(Available data)
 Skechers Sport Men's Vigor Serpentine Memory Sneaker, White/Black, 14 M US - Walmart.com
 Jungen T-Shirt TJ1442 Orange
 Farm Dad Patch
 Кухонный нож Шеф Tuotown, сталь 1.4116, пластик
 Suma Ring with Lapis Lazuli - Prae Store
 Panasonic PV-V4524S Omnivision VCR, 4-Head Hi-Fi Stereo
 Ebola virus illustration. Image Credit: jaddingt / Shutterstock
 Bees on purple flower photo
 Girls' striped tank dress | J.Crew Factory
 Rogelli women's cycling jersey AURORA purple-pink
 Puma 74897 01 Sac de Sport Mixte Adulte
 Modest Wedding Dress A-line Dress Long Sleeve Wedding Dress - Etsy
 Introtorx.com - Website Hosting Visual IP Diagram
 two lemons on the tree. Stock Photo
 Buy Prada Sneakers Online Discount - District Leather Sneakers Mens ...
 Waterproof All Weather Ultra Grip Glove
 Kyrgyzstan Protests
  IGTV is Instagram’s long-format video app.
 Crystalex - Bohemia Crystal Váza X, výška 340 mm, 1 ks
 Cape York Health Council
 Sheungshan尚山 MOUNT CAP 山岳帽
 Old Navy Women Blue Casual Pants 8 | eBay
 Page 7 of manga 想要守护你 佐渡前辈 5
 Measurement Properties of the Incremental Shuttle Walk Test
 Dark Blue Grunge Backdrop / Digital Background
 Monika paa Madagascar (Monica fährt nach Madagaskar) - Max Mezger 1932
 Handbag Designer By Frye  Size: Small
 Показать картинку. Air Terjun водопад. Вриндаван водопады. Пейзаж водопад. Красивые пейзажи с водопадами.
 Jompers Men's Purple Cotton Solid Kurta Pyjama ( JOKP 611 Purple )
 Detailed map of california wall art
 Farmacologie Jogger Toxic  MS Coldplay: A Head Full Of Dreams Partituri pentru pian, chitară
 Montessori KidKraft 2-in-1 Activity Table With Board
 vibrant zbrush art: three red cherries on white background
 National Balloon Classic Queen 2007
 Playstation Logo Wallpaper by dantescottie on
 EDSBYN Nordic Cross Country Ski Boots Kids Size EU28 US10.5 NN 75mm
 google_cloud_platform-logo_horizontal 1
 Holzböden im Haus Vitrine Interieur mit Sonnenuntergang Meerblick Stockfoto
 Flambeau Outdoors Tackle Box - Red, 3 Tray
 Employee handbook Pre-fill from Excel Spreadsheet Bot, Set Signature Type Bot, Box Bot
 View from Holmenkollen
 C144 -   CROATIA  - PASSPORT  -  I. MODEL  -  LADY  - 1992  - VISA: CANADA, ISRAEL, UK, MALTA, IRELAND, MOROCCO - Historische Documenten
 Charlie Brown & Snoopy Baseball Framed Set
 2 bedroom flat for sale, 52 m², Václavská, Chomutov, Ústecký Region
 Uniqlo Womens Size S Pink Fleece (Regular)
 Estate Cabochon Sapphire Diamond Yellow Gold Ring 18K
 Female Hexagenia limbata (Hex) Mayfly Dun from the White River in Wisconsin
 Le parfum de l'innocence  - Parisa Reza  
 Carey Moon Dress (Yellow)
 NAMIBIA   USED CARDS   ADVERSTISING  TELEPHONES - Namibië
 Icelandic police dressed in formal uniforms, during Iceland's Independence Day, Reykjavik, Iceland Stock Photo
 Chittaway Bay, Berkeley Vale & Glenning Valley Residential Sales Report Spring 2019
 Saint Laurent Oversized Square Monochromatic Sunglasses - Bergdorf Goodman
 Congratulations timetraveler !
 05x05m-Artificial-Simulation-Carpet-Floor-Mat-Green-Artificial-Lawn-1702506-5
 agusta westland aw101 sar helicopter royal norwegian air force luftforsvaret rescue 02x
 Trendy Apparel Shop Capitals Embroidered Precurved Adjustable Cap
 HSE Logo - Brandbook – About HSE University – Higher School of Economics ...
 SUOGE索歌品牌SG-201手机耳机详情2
(End Available data)
→ **Problem details**:
All of the material should appear again, reproduced word for word.

→ **Task solution**:
 Skechers Sport Men's Vigor Serpentine Memory Sneaker, White/Black, 14 M US - Walmart.com
 Jungen T-Shirt TJ1442 Orange
 Farm Dad Patch
 Кухонный нож Шеф Tuotown, сталь 1.4116, пластик
 Suma Ring with Lapis Lazuli - Prae Store
 Panasonic PV-V4524S Omnivision VCR, 4-Head Hi-Fi Stereo
 Ebola virus illustration. Image Credit: jaddingt / Shutterstock
 Bees on purple flower photo
 Girls' striped tank dress | J.Crew Factory
 Rogelli women's cycling jersey AURORA purple-pink
 Puma 74897 01 Sac de Sport Mixte Adulte
 Modest Wedding Dress A-line Dress Long Sleeve Wedding Dress - Etsy
 Introtorx.com - Website Hosting Visual IP Diagram
 two lemons on the tree. Stock Photo
 Buy Prada Sneakers Online Discount - District Leather Sneakers Mens ...
 Waterproof All Weather Ultra Grip Glove
 Kyrgyzstan Protests
  IGTV is Instagram’s long-format video app.
 Crystalex - Bohemia Crystal Váza X, výška 340 mm, 1 ks
 Cape York Health Council
 Sheungshan尚山 MOUNT CAP 山岳帽
 Old Navy Women Blue Casual Pants 8 | eBay
 Page 7 of manga 想要守护你 佐渡前辈 5
 Measurement Properties of the Incremental Shuttle Walk Test
 Dark Blue Grunge Backdrop / Digital Background
 Monika paa Madagascar (Monica fährt nach Madagaskar) - Max Mezger 1932
 Handbag Designer By Frye  Size: Small
 Показать картинку. Air Terjun водопад. Вриндаван водопады. Пейзаж водопад. Красивые пейзажи с водопадами.
 Jompers Men's Purple Cotton Solid Kurta Pyjama ( JOKP 611 Purple )
 Detailed map of california wall art
 Farmacologie Jogger Toxic  MS Coldplay: A Head Full Of Dreams Partituri pentru pian, chitară
 Montessori KidKraft 2-in-1 Activity Table With Board
 vibrant zbrush art: three red cherries on white background
 National Balloon Classic Queen 2007
 Playstation Logo Wallpaper by dantescottie on
 EDSBYN Nordic Cross Country Ski Boots Kids Size EU28 US10.5 NN 75mm
 google_cloud_platform-logo_horizontal 1
 Holzböden im Haus Vitrine Interieur mit Sonnenuntergang Meerblick Stockfoto
 Flambeau Outdoors Tackle Box - Red, 3 Tray
 Employee handbook Pre-fill from Excel Spreadsheet Bot, Set Signature Type Bot, Box Bot
 View from Holmenkollen
 C144 -   CROATIA  - PASSPORT  -  I. MODEL  -  LADY  - 1992  - VISA: CANADA, ISRAEL, UK, MALTA, IRELAND, MOROCCO - Historische Documenten
 Charlie Brown & Snoopy Baseball Framed Set
 2 bedroom flat for sale, 52 m², Václavská, Chomutov, Ústecký Region
 Uniqlo Womens Size S Pink Fleece (Regular)
 Estate Cabochon Sapphire Diamond Yellow Gold Ring 18K
 Female Hexagenia limbata (Hex) Mayfly Dun from the White River in Wisconsin
 Le parfum de l'innocence  - Parisa Reza  
 Carey Moon Dress (Yellow)
 NAMIBIA   USED CARDS   ADVERSTISING  TELEPHONES - Namibië
 Icelandic police dressed in formal uniforms, during Iceland's Independence Day, Reykjavik, Iceland Stock Photo
 Chittaway Bay, Berkeley Vale & Glenning Valley Residential Sales Report Spring 2019
 Saint Laurent Oversized Square Monochromatic Sunglasses - Bergdorf Goodman
 Congratulations timetraveler !
 05x05m-Artificial-Simulation-Carpet-Floor-Mat-Green-Artificial-Lawn-1702506-5
 agusta westland aw101 sar helicopter royal norwegian air force luftforsvaret rescue 02x
 Trendy Apparel Shop Capitals Embroidered Precurved Adjustable Cap
 HSE Logo - Brandbook – About HSE University – Higher School of Economics ...
 SUOGE索歌品牌SG-201手机耳机详情2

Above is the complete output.